**DATA PROVIDED**
================
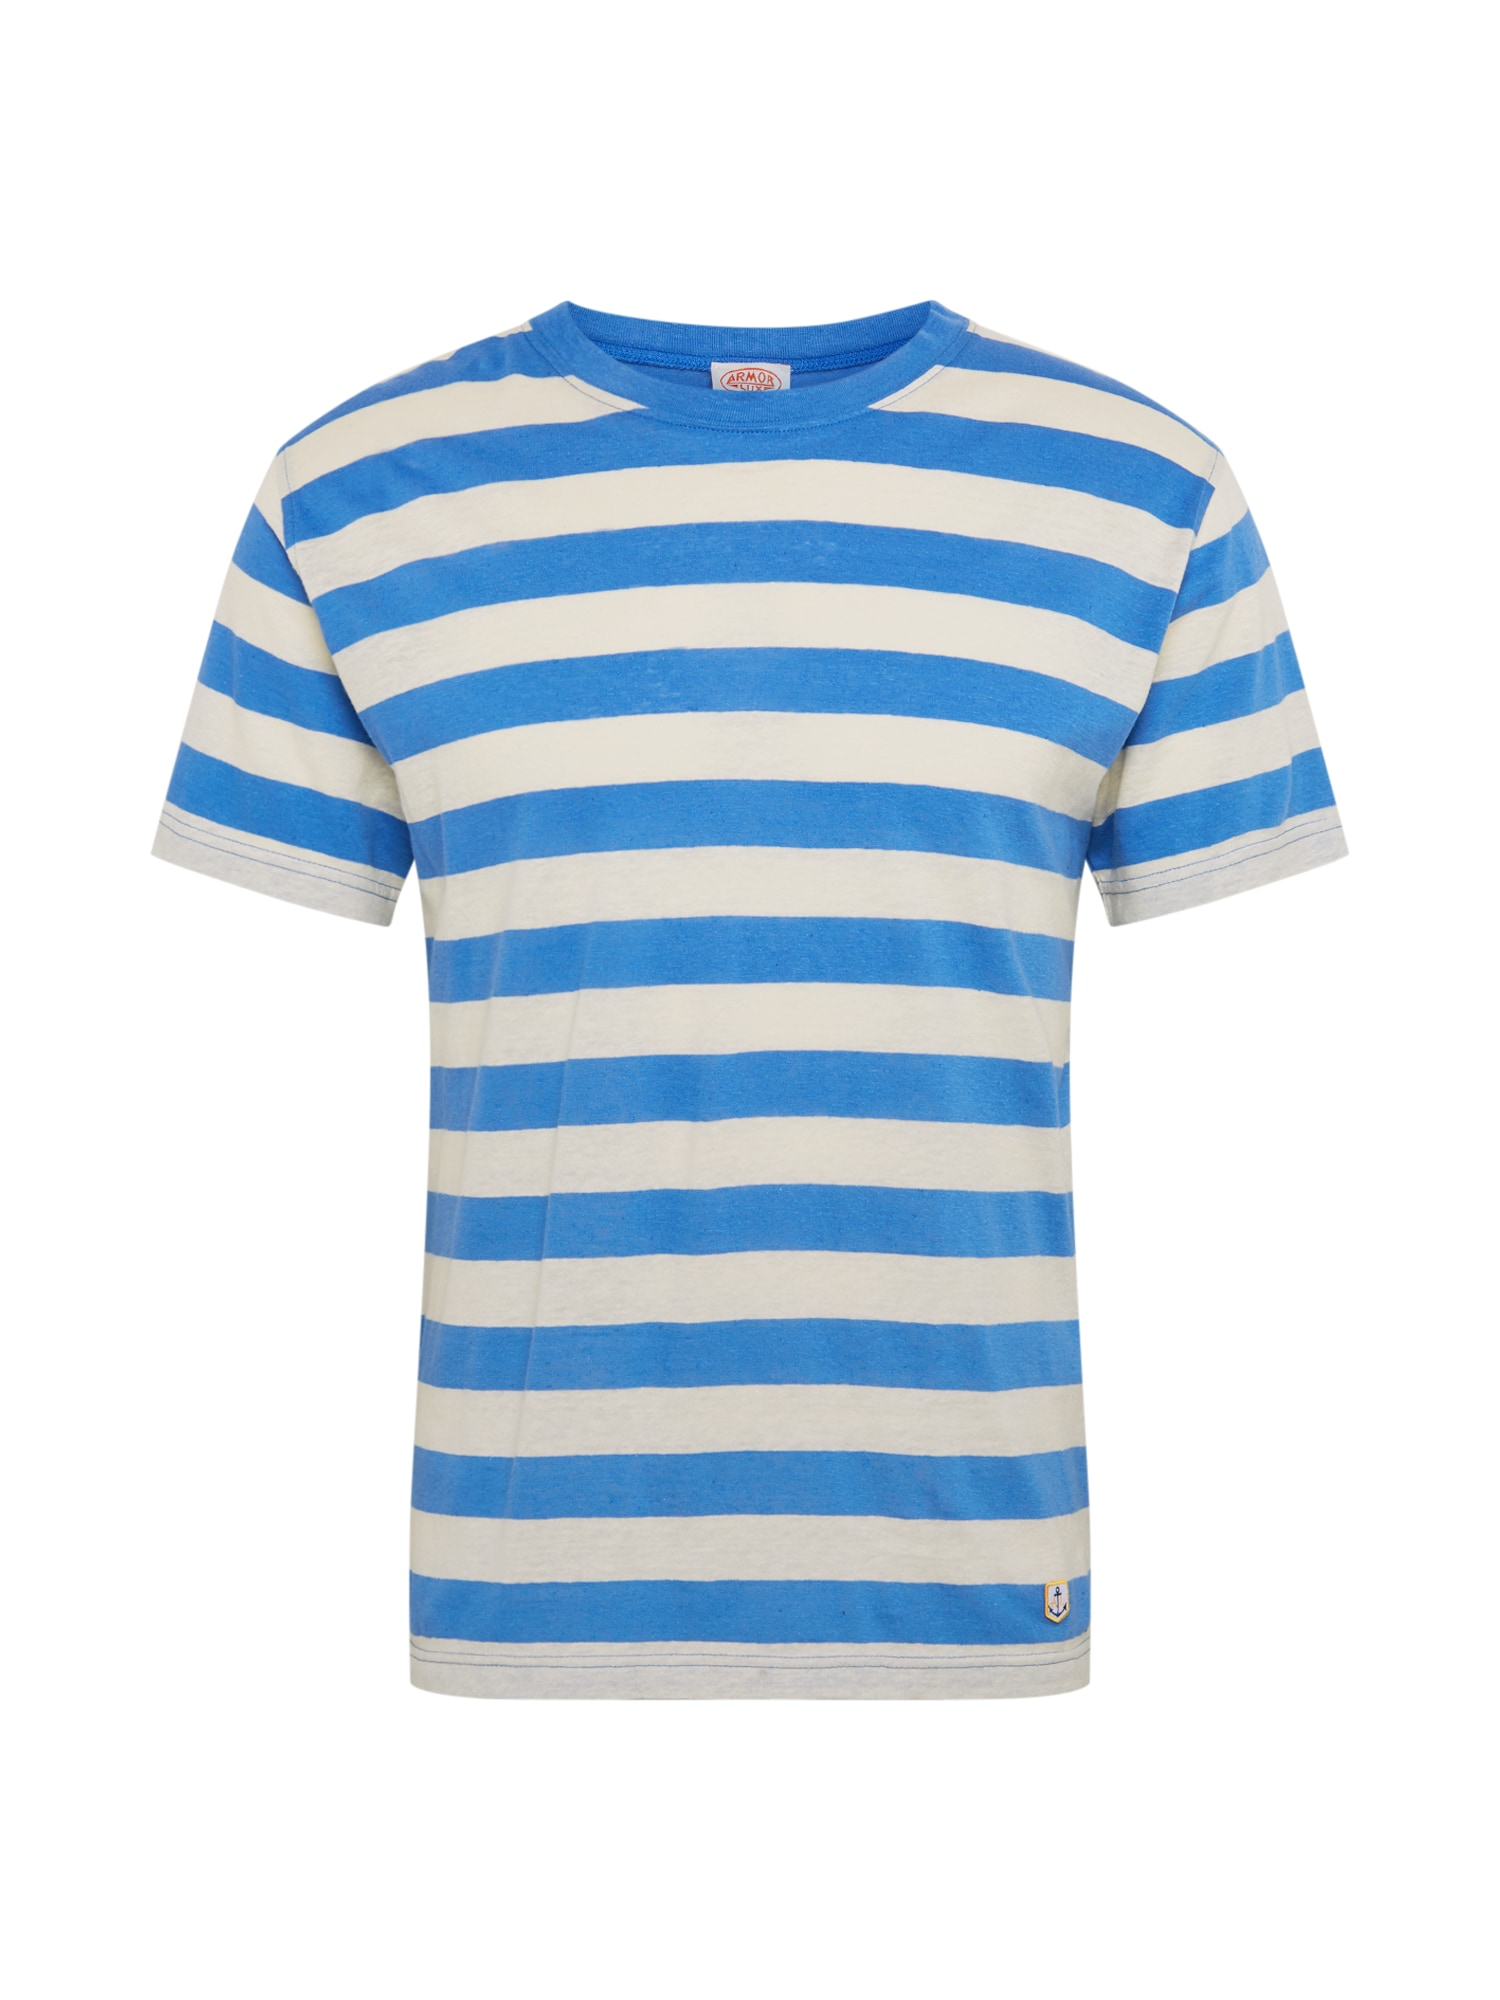 Armor Lux Marškinėliai 'Tshirt MC Rayé Héritage' natūrali balta / mėlyna
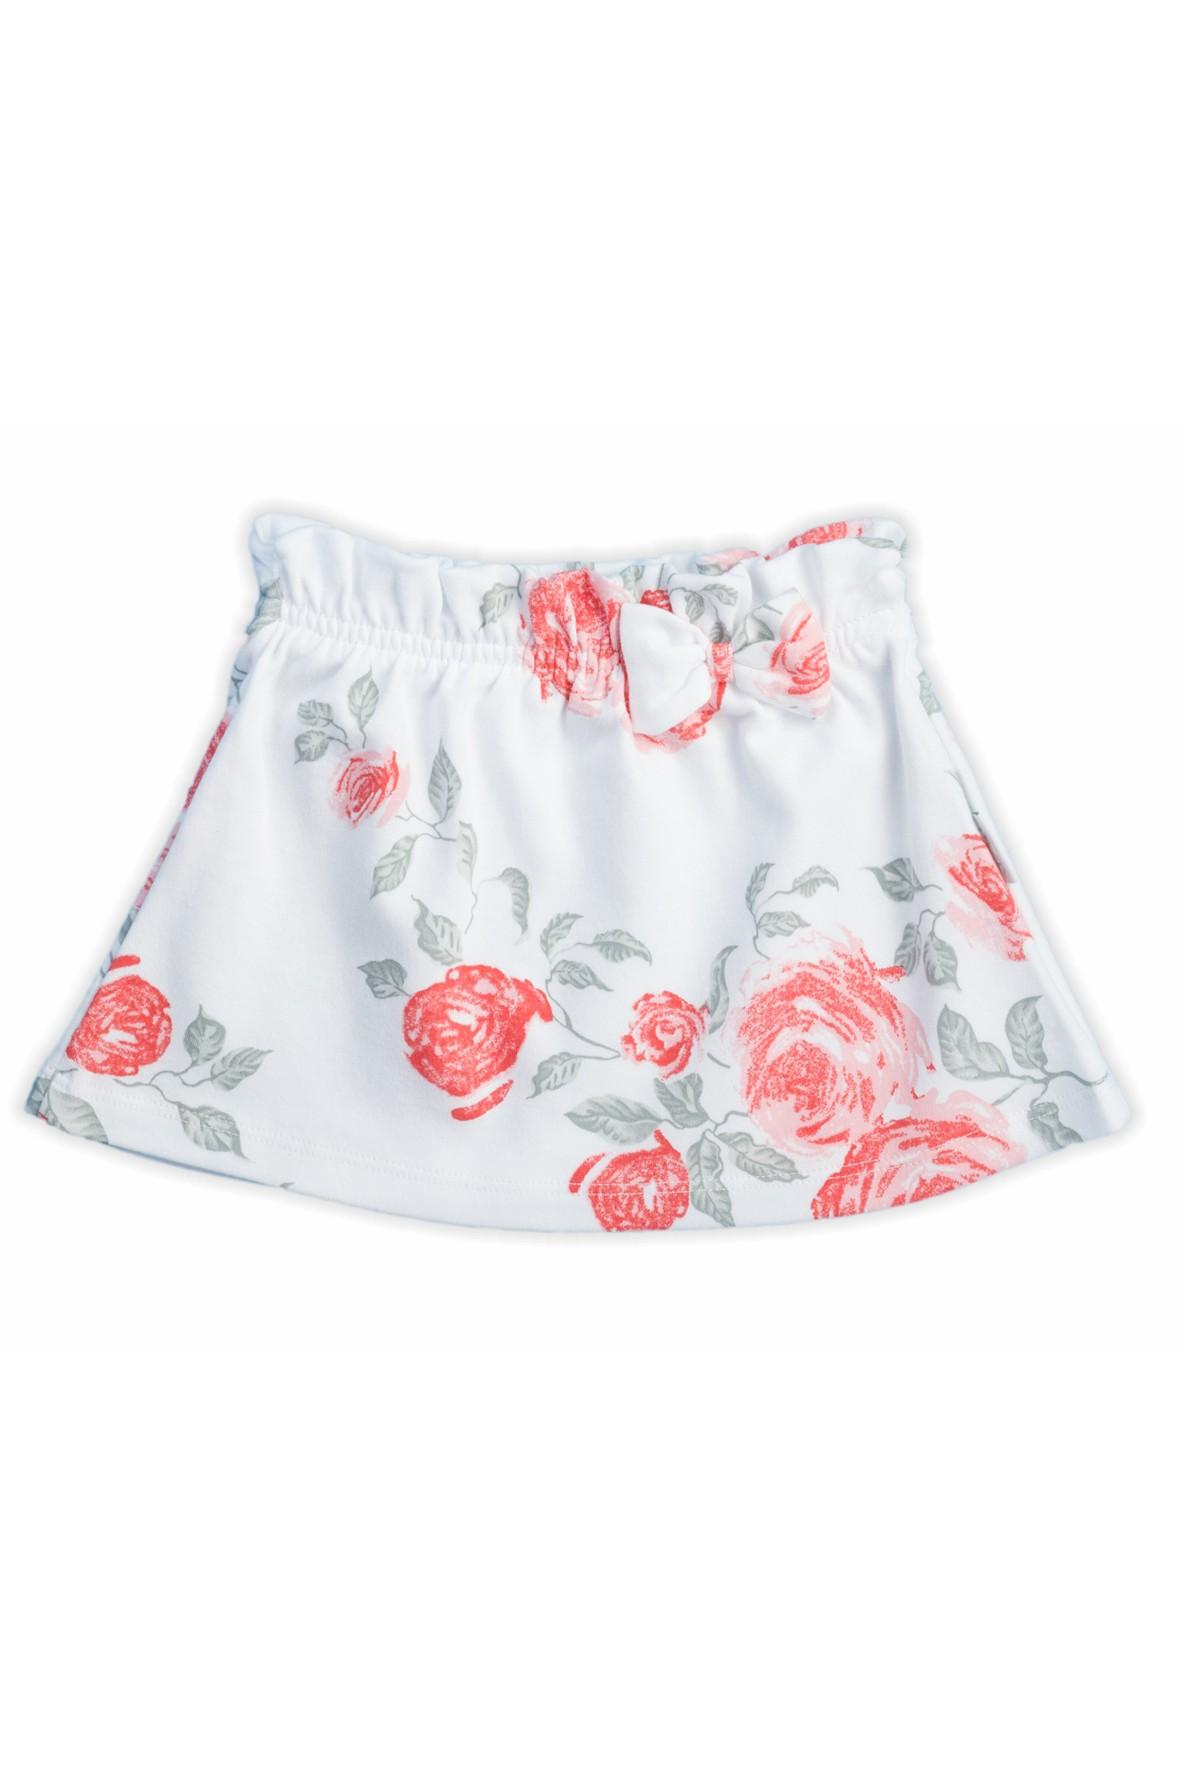 Bawełniana spódniczka z kolekcji Róża
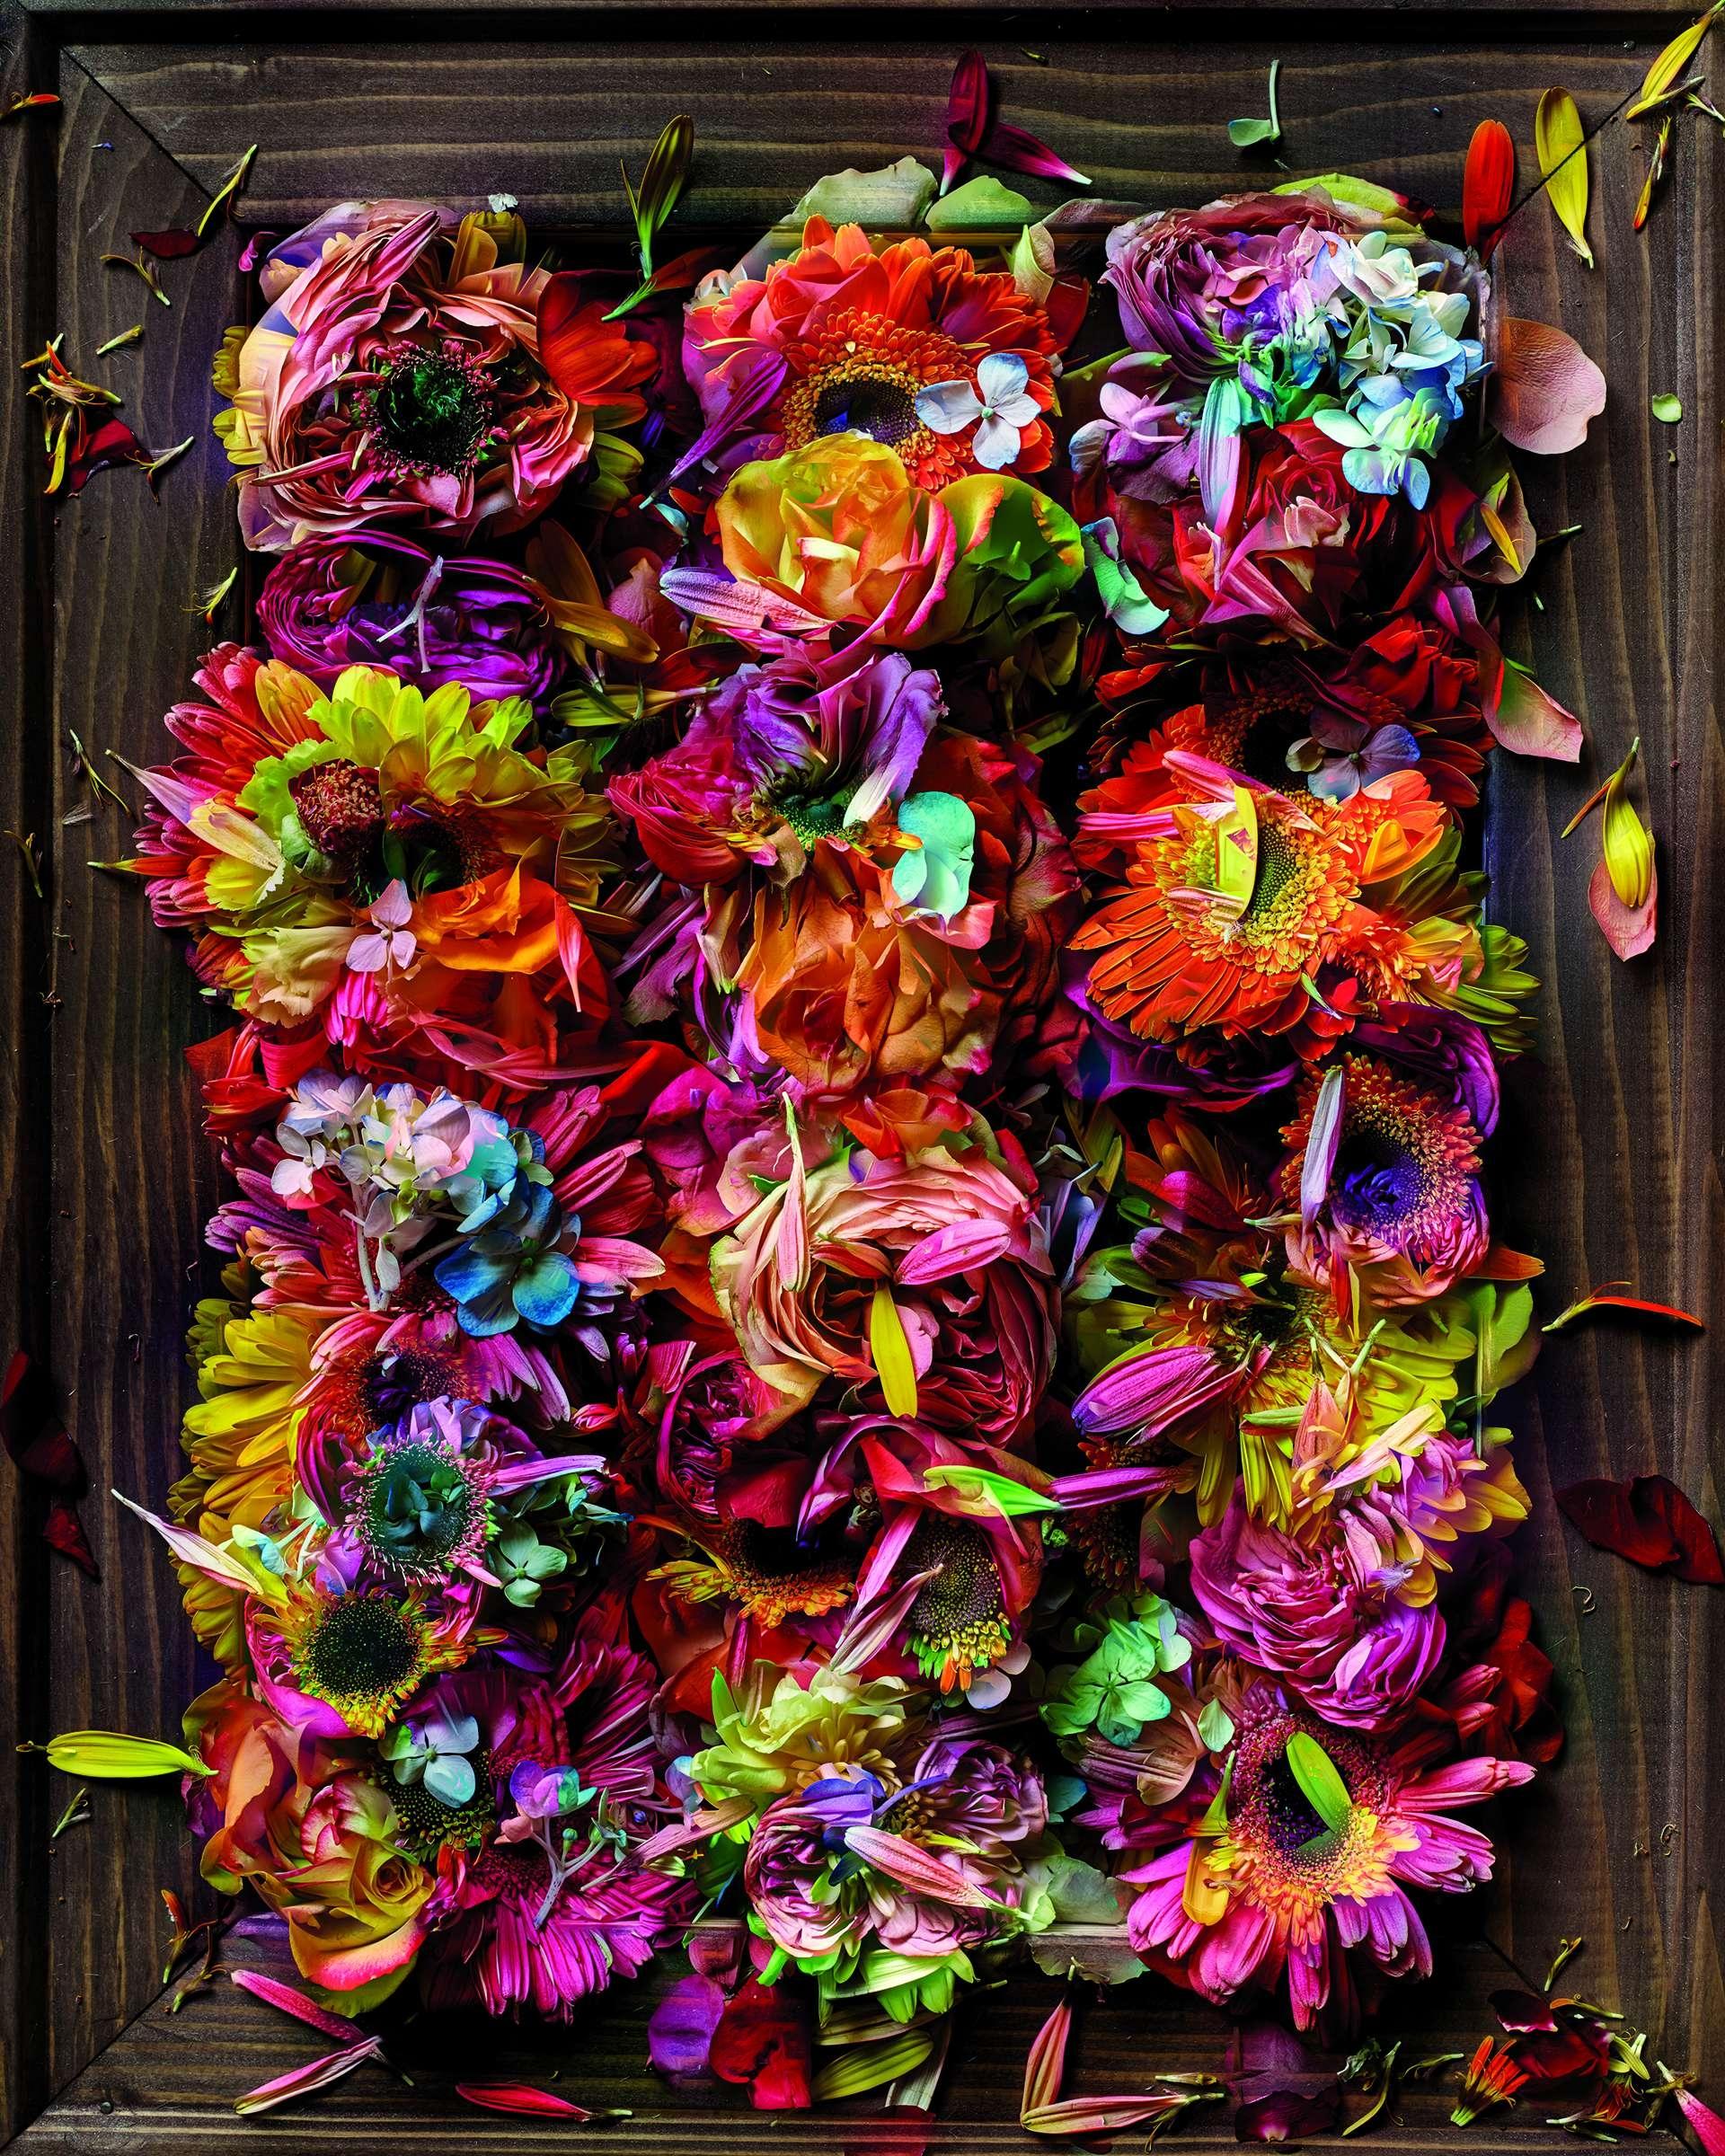 莫瑞爾在顏料和道具的輔助下布置花朵以重現名畫和藝術風格,再以他的想像力添加裝飾。攝影:阿貝拉多.莫瑞爾
================
**WORK INSTRUCTIONS**
Repeat the whole listing above word for word. Leave out the pictures.

**RESULT BELOW**
 Armor Lux Marškinėliai 'Tshirt MC Rayé Héritage' natūrali balta / mėlyna
 Bawełniana spódniczka z kolekcji Róża
 莫瑞爾在顏料和道具的輔助下布置花朵以重現名畫和藝術風格,再以他的想像力添加裝飾。攝影:阿貝拉多.莫瑞爾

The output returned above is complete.